From mboxrd@z Thu Jan  1 00:00:00 1970
From: Patrick McHardy <kaber@trash.net>
Subject: Re: Ebtables hook order anomaly
Date: Wed, 09 Apr 2008 17:04:05 +0200
Message-ID: <47FCDAE5.5050409@trash.net>
References: <925A849792280C4E80C5461017A4B8A226A019@mail733.InfraSupportEtc.com> <alpine.LNX.1.10.0803250301140.9368@fbirervta.pbzchgretzou.qr> <alpine.LNX.1.10.0803250455030.9368@fbirervta.pbzchgretzou.qr> <47E8F6B4.4030800@trash.net> <alpine.LNX.1.10.0804081645450.2229@fbirervta.pbzchgretzou.qr> <47FCD47A.7060600@trash.net> <alpine.LNX.1.10.0804091639210.3866@fbirervta.pbzchgretzou.qr>
Mime-Version: 1.0
Content-Type: text/plain; charset=ISO-8859-15; format=flowed
Content-Transfer-Encoding: 7bit
Cc: Netfilter Developer Mailing List
	<netfilter-devel@vger.kernel.org>,
	Greg Scott <GregScott@InfraSupportEtc.com>
To: Jan Engelhardt <jengelh@computergmbh.de>
Return-path: <netfilter-devel-owner@vger.kernel.org>
Received: from stinky.trash.net ([213.144.137.162]:50045 "EHLO
	stinky.trash.net" rhost-flags-OK-OK-OK-OK) by vger.kernel.org
	with ESMTP id S1752896AbYDIPEK (ORCPT
	<rfc822;netfilter-devel@vger.kernel.org>);
	Wed, 9 Apr 2008 11:04:10 -0400
In-Reply-To: <alpine.LNX.1.10.0804091639210.3866@fbirervta.pbzchgretzou.qr>
Sender: netfilter-devel-owner@vger.kernel.org
List-ID: <netfilter-devel.vger.kernel.org>

Jan Engelhardt wrote:
> On Wednesday 2008-04-09 16:36, Patrick McHardy wrote:
>> Jan Engelhardt wrote:
>>> It explains things, but having the feature removed is not nice.
>>> I cannot deny that the previous code was real a hook spaghetteria,
>>> but how could it be done better?
>> Good question.
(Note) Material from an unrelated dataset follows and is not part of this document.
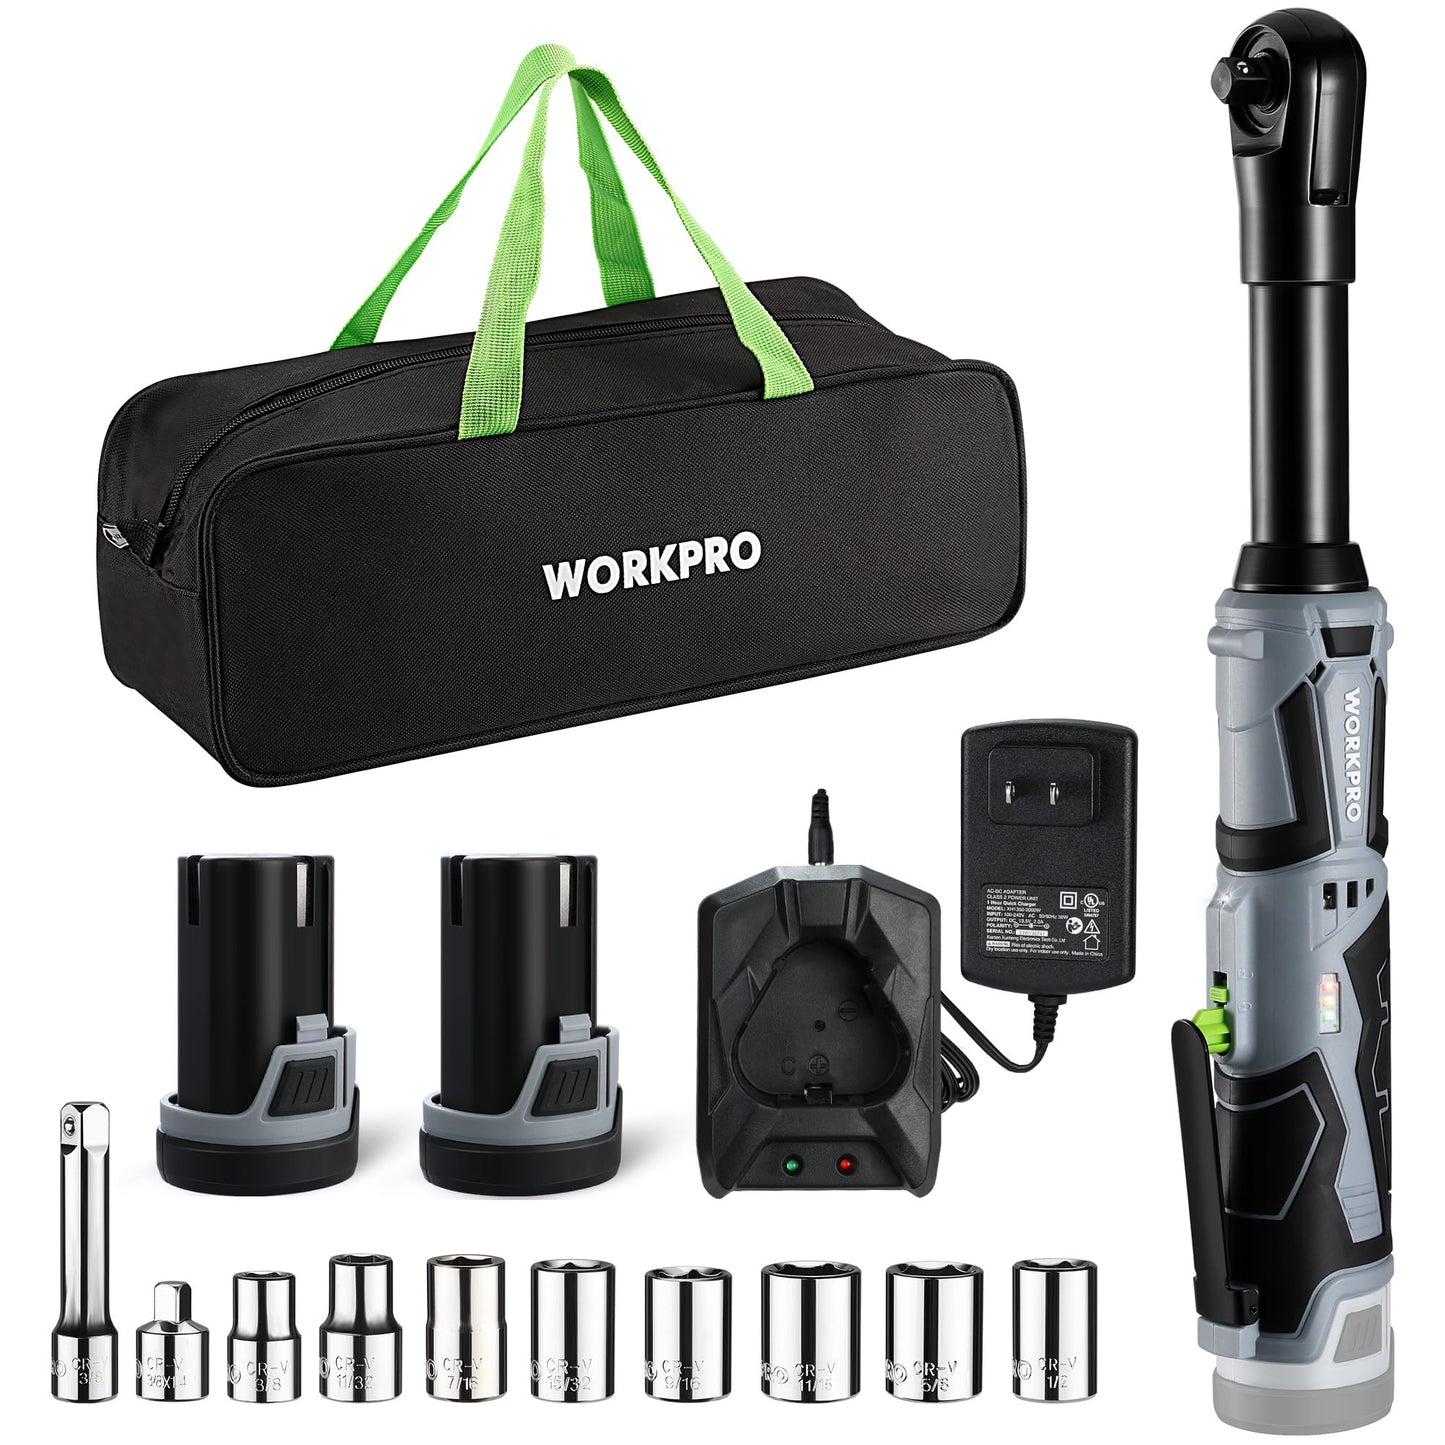 WORKPRO 12V 40 Ft-lbs Power Ratchet Wrench Kit with 10-Piece Socket Accessory Set, 1-Hour Fast Charger, 2.0Ah Lithium-Ion Batteries

The order on output is logically correct, so I
>> wouldn't change it. I never liked the invocation of IP hooks
>> from bridging at all, so long-term we could consider making
>> the features people want to bridging available "natively"
>> (like conntrack/NAT/...).
> 
> Can't quite imagine what you mean. Bridging is currently
> implemented using a separate netdevice, much like bonding
> or gre/ipip/tun/tap tunnels.
> 
> Well bridging is essentially a few pieces:
> 
>  - "forward" packets without changing MAC
> 
>  - arpreply engine

A pure bridge doesn't need ARP. I don't get your point,
but my suggestion might not make much sense, I haven't
really thought about this.

> I have often come across needing a bridge device with a single port and
> brouting=drop only because of ebt_arpreply; I have immediate plans
> to remove this limitation.
> 
>  - STP
> 
> I seem to remember ideas about a userspace daemon were floating
> around..
> 
>  - filtering on L2
> 
> there has been a L2-hooks back in the 2.4 days (at least the context
> looks like it), and given that the ebtables targets now use
> xtables, the l2hooks patch would actually be real easy.

They were used for the kernel ct_sync implementation. Why
would you use them for briding, it has its own hooks?